From the observation platform, we saw a Lazuli Bunting, a Common Yellowthroat, a Wilson's Phalarope, a Semi-Palmated Plover or two, some Killdeer, a Turkey Vulture and further out, a flock of what we were told were Band-Tailed Pigeons. While there were a lot of birds here, most of them were quite some distance away compared to the very up-close looks we got at the scrape pond. We did not see any White-Tailed Kites here, as I did with Jen in December and with BOGS in January.

Our final stop for the Audubon birding trip, was Cabell Marsh, which I've not been to in decades. It was after 11am by the time we got out there, and things were rather quiet. An Osprey was diving for fish and from a look through someone's spotting scope while it was sitting on a log with it, I would say it was a 5 or 6-inch Catfish. Along the trail on the way out we clearly heard a Cassin's Vireo calling repeatedly very near to us, and saw a Wilson's Warbler.

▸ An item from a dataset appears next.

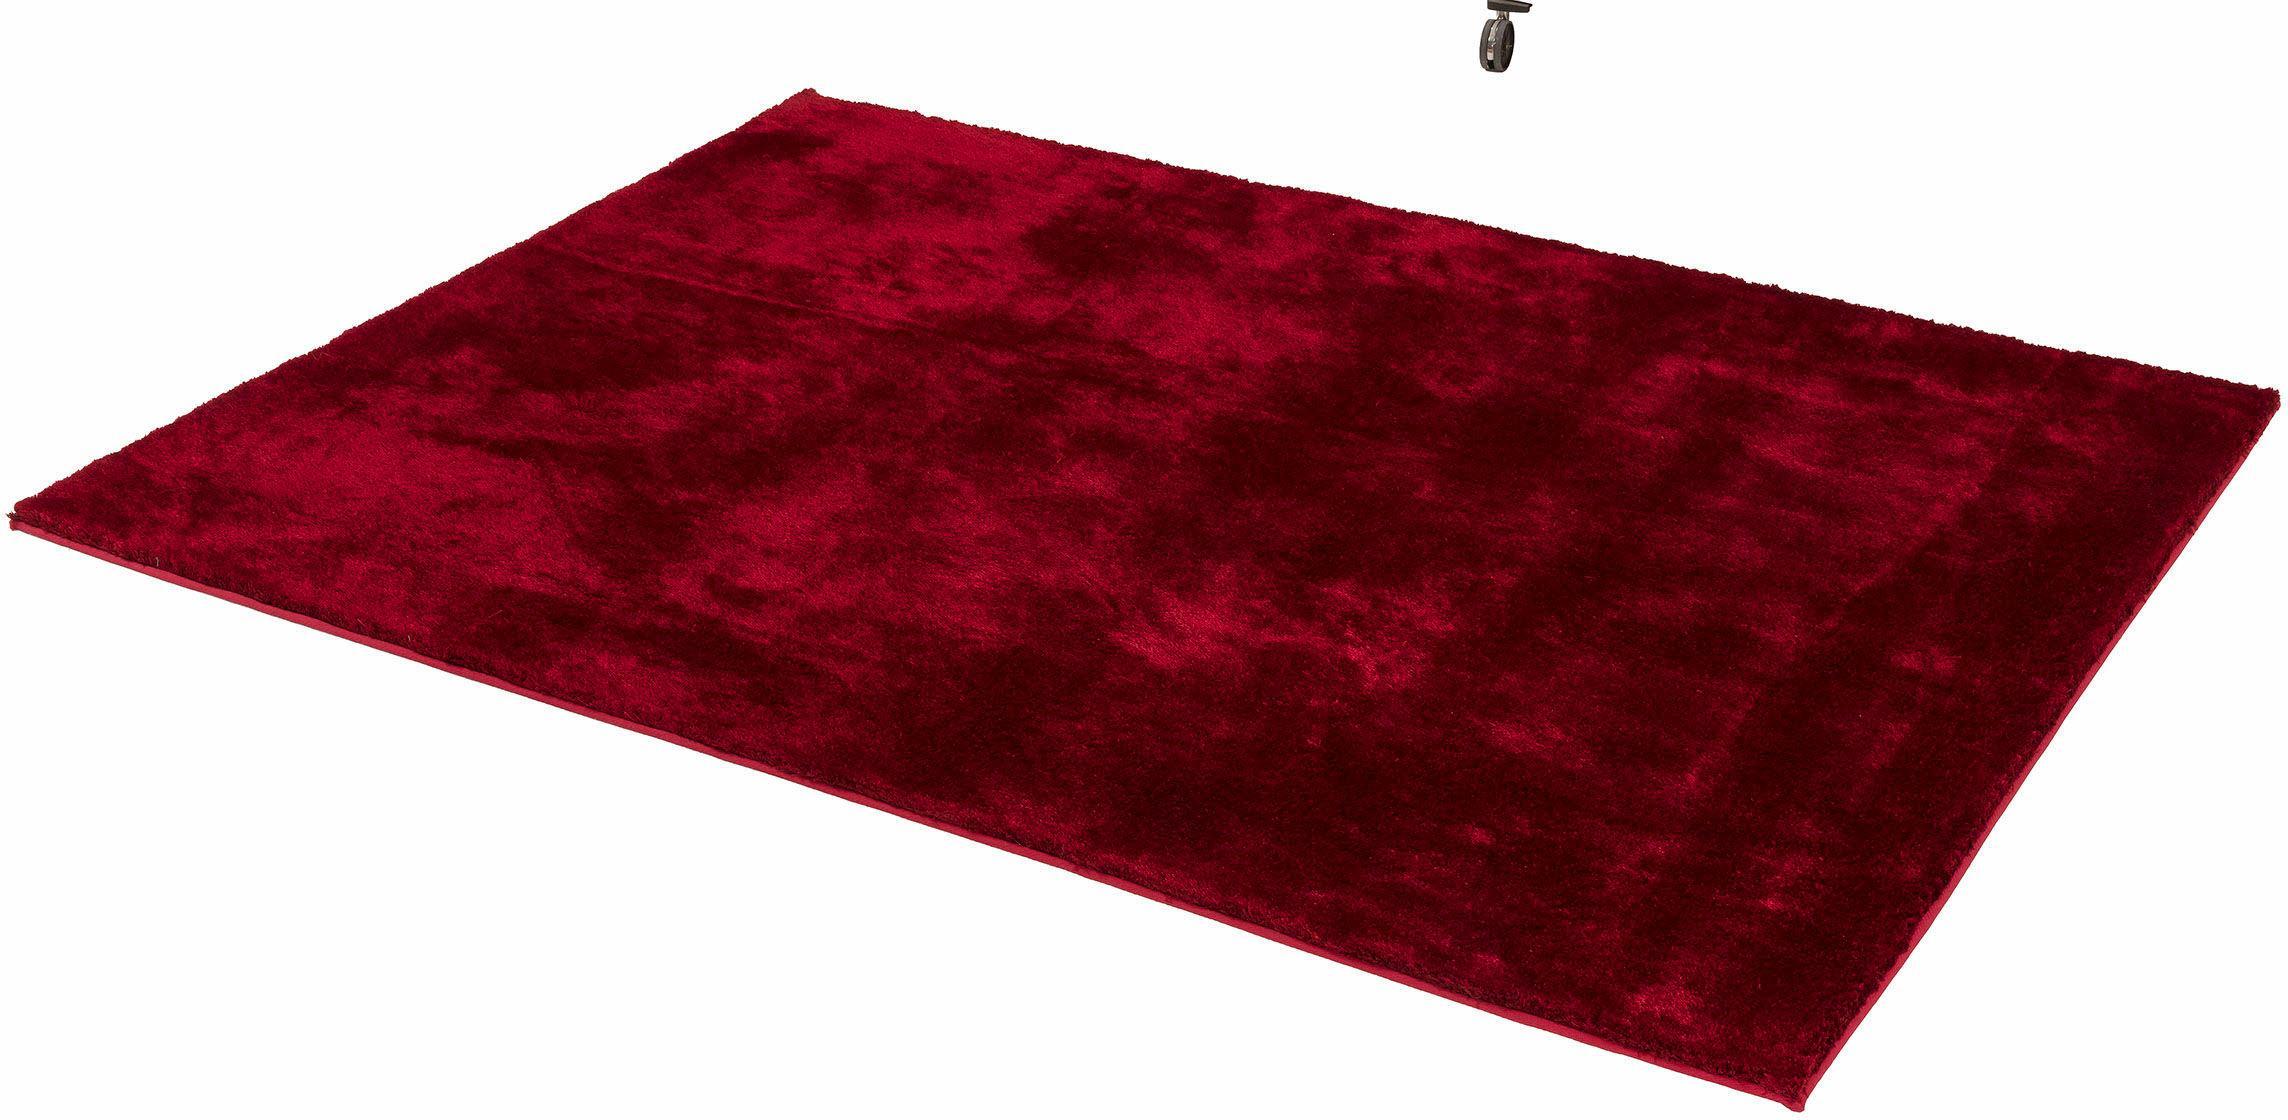 Hochflor-Teppich New Elegance SCHÖNER WOHNEN-Kollektion rechteckig Höhe 30 mm maschinell getuftet

After the bird walk, we took a very short side-trip to the very large barn across the road from the old headquarters building. There was a young woman from a rehabiliation center there with a beautiful adult Great Horned Owl.

We partook in a Buffet lunch accompanied by live bluegrass music, and toured the old headquarters building and the Historic home and buildings of the family which had farmed the land before it became part of Finley Refuge. On display were photographs taken by William Finley, and a book he wrote. We also watched part of a video taken while he and others trapped Beavers to move them to another location.

Our last activity was a van ride to the top of Pigeon Butte where habitat restoration is being done. Most of our party went on a walking tour with a biologist. They are re-introducing the host plant for Fender's Blue Butterfly and hope to bring back the Butterfly eventually to that araea as well.

There were some nice views from the top of Pigeon Butte.